他将萧炫云的手握紧,“方便你我见面,也避开府外耳目。尧黎昕和于笙得知,只会以为朕疑心愈重,对你愈发苛刻,他们的离间计看似奏效,便会进行下一步。”
“陛下是想引蛇出洞?”
“不错。于笙布局深远,纳兰虽供出部分节点,但根须未断。尧黎昕的觊觎,正好给了他们一个看似完美的切入方向。朕便顺着他们的意,让他们以为有机可乘。届时,无论是想拉拢你,还是想借此在璇冥内部制造更大混乱,他们都得动起来。动,才有破绽。”
他低声道:“只是,又要委屈你,背上些莫须有的罪名,还要忍受朕有意苛待于你。”
萧炫云靠向他肩头,“能为陛下分忧,为璇冥除患,何谈委屈。那尧黎昕……”
“他?”冥渊冷哼一声,手臂环住萧炫云的肩,将人往怀里带了带,低头在他耳廓落下一吻,“他再敢递这些东西,或存不该有的心思,待收拾了于笙,朕自有回礼给他,至于现在……”
他带着惩罚的意味轻咬萧炫云的耳廓,“一想到他送药是记挂你的伤,朕心里就不痛快。”
萧炫云耳根发热,却纵容地没有躲闪,只轻声道:“那伤早已痊愈,不值一提。陛下若还不痛快……”
他侧过脸,在冥渊唇角极快地碰了一下,一触即分,“这样可好?”
冥渊显然被这主动取悦了,低笑一声,原本环在肩头的手下滑,扣住他的腰身,将这个蜻蜓点水的吻加深为一个绵长而温柔的纠缠。
许久,冥渊才稍稍退开,额头相抵,气息微乱。
“不够。”他嗓音低哑,“等此事了结,朕再好好跟你算这些招蜂引蝶的账。”
萧炫云轻笑,带着纵容,“陛下账真多,臣候着。”
第69章 禁足
时隔多日,萧炫云重返朝堂。
他站在武官首位,朝服玉带,眉宇间笼罩着沉郁,连唇色都显得淡了些。
落在有心人眼中,便是连日遭受帝王猜忌冷落、心力交瘁的明证。
朝议按部就班,议及边关粮草、河道修缮等事。
冥渊高坐龙椅,偶尔发问或决断,目光几次掠过下首的萧炫云,都未做丝毫停留。
就在朝议将近尾声,蒋栋出列,“陛下,臣有本奏,事关国本,不得不言!”
“讲。”
蒋栋深吸一口气,目光扫过萧炫云,“臣接到密报,萧炫云于禁足期间,私受外邦重礼!所赠之物,乃天玑宫廷秘制,且年贡不过十盒的‘雪玉生肌膏’!此药只供天玑皇室与其有功重臣,若非与天玑有所勾结,私相授受,怎能获此珍品?且据闻,赠药之人,身份非同小可!”

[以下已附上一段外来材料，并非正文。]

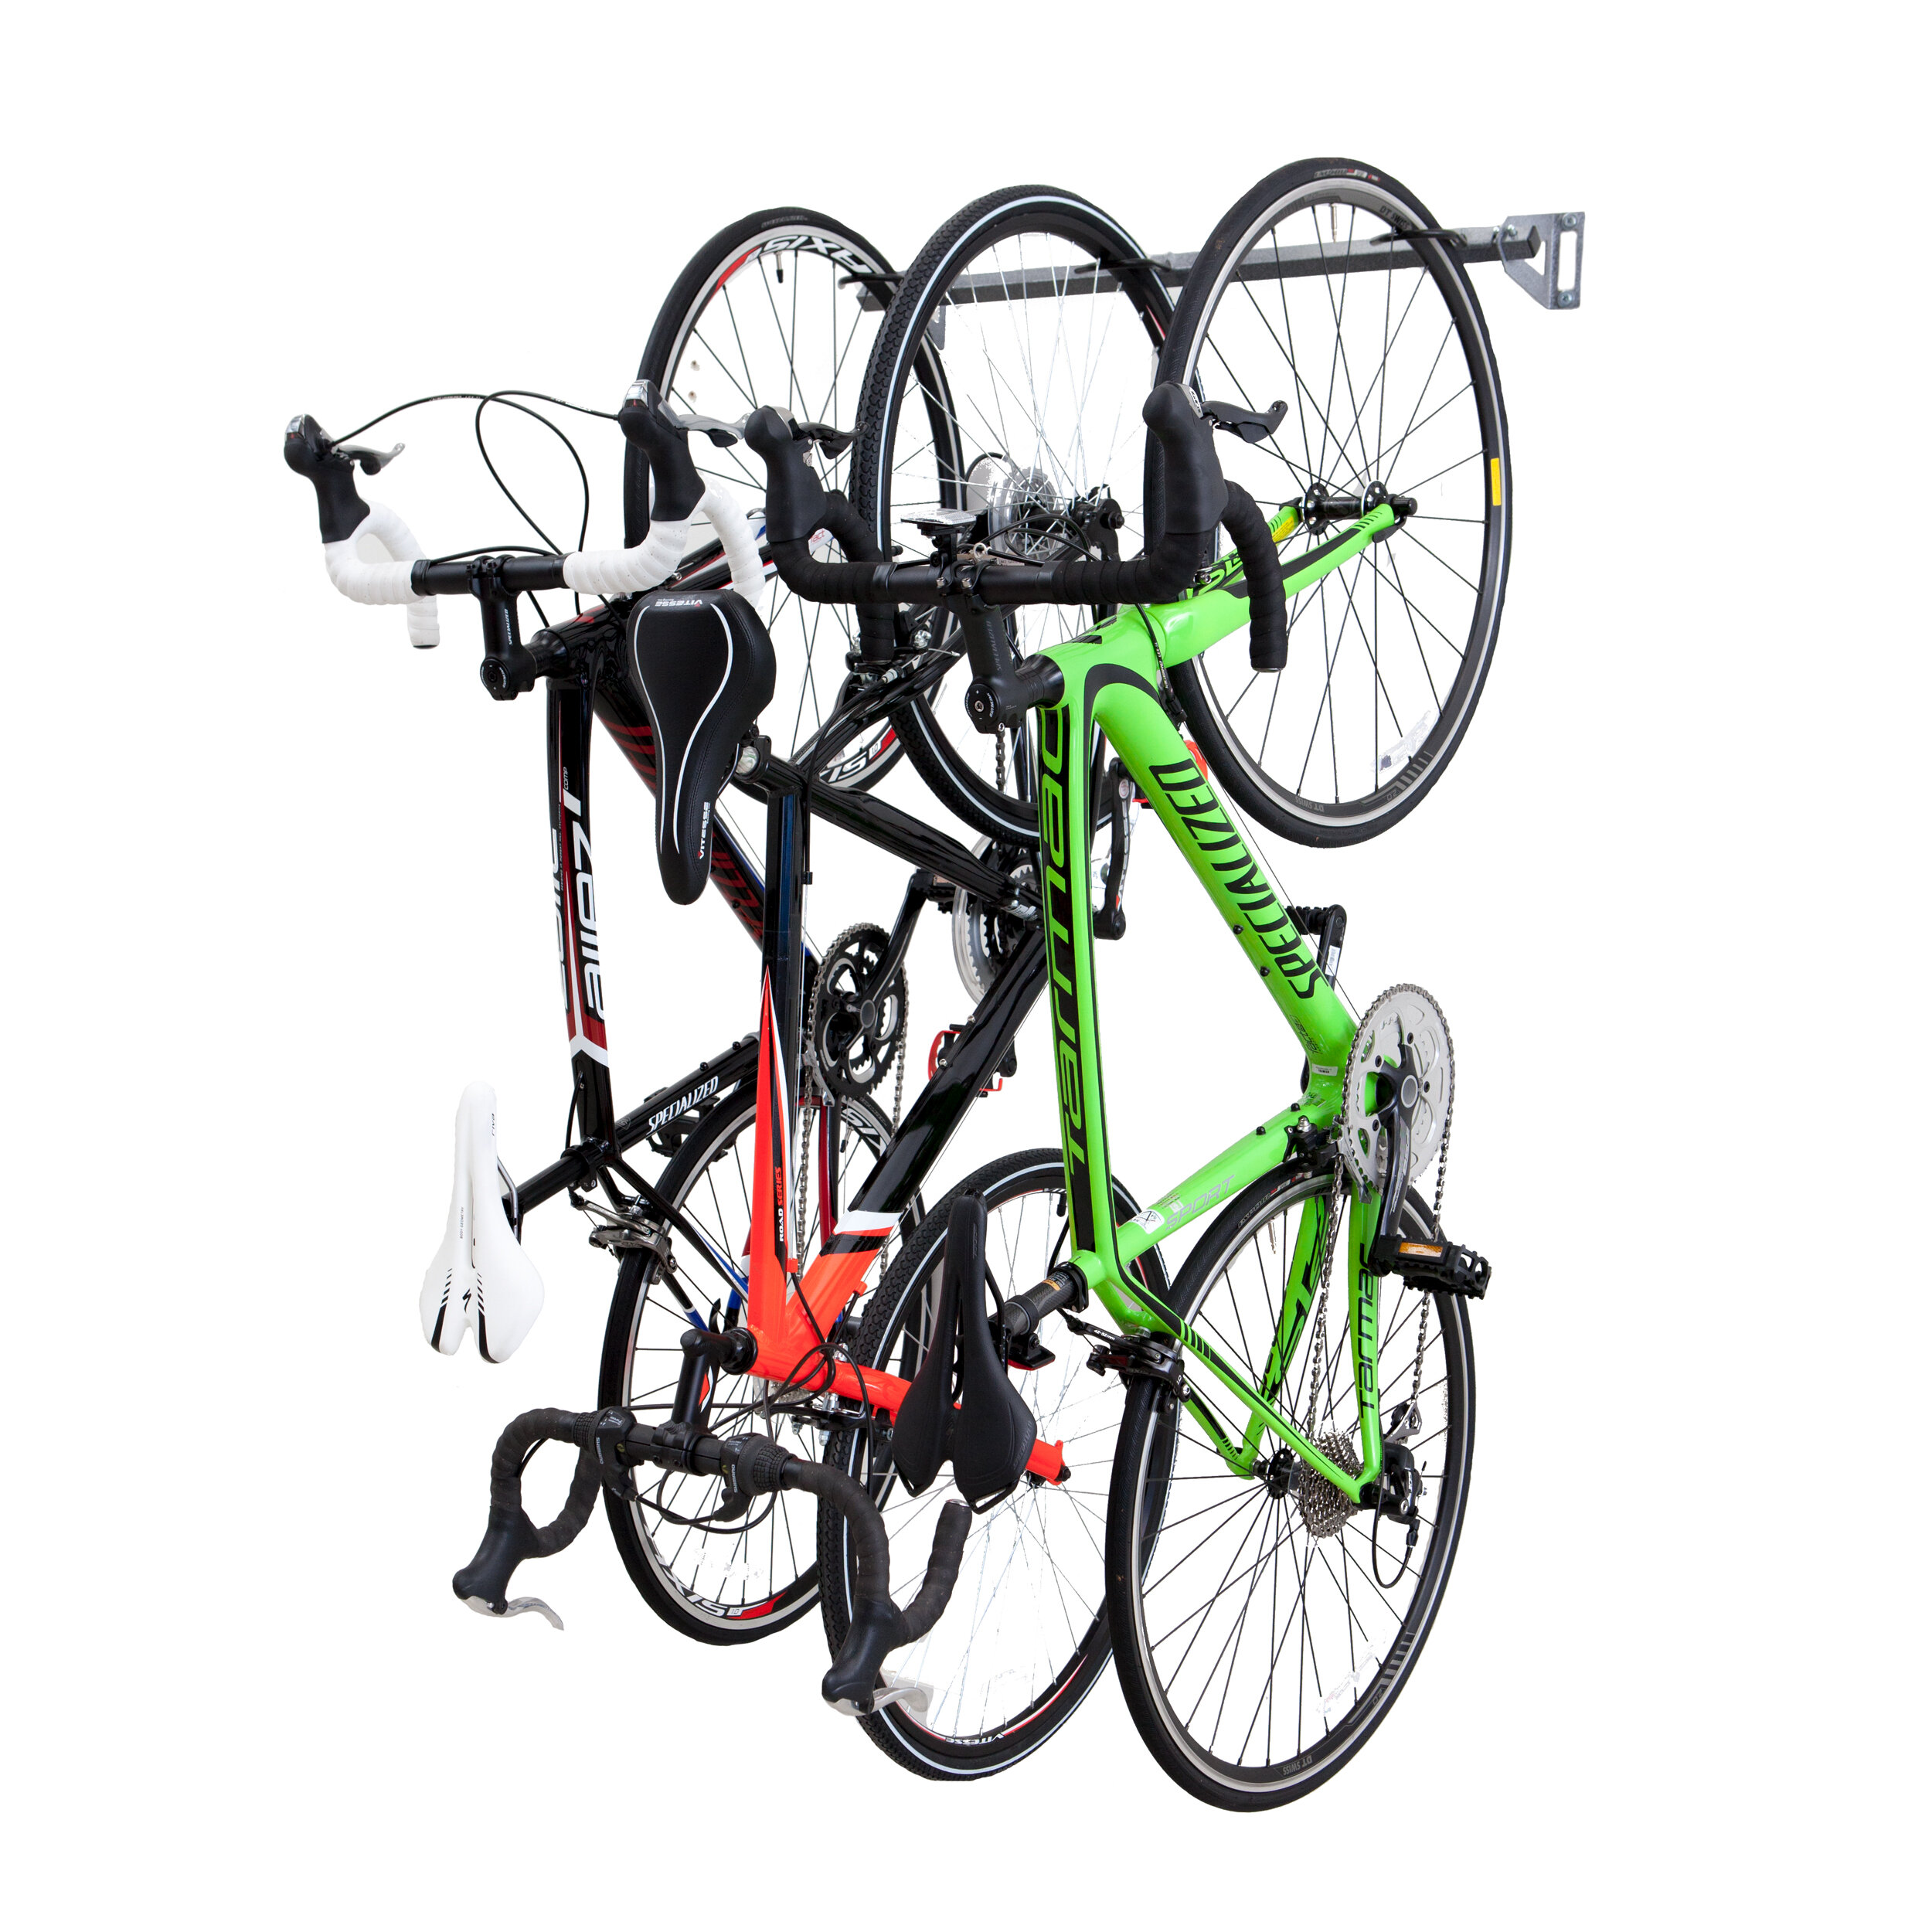 mounted rack racks printableboutique bike creative simple wall

他顿了顿,“而且萧将军前脚因纳兰钰逆案被陛下斥责禁足,后脚便得天玑皇室秘药馈赠。此中关联,细思恐极!当年援助西莜,萧将军便一力主战,与臣等意见相左;此前为逆贼纳兰钰求情,更是言辞切切。如今看来,是否早存二心,与天玑暗通款曲,甚至与那已伏诛的纳兰钰一般,早为外敌棋子?”
这番指控,比之前所有弹劾都更致命,直指通敌叛国!
萧炫云面色苍白,他没有立刻反驳,只抬眼看向龙椅上的冥渊,似有难言之隐。
“蒋栋!”上官轼忍不住出声,“此言可有实据?莫要空口污蔑朝廷重臣!”
“上官丞相!”蒋栋毫不退让,从袖中取出一方素帕,双手呈上,“下官岂敢妄言?此物乃昨夜有人投入下官府内,内裹少许药膏残渍,经臣府中懂行的医师辨认,确系雪玉生肌膏无疑!且气味清冽特殊,与寻常伤药迥异!”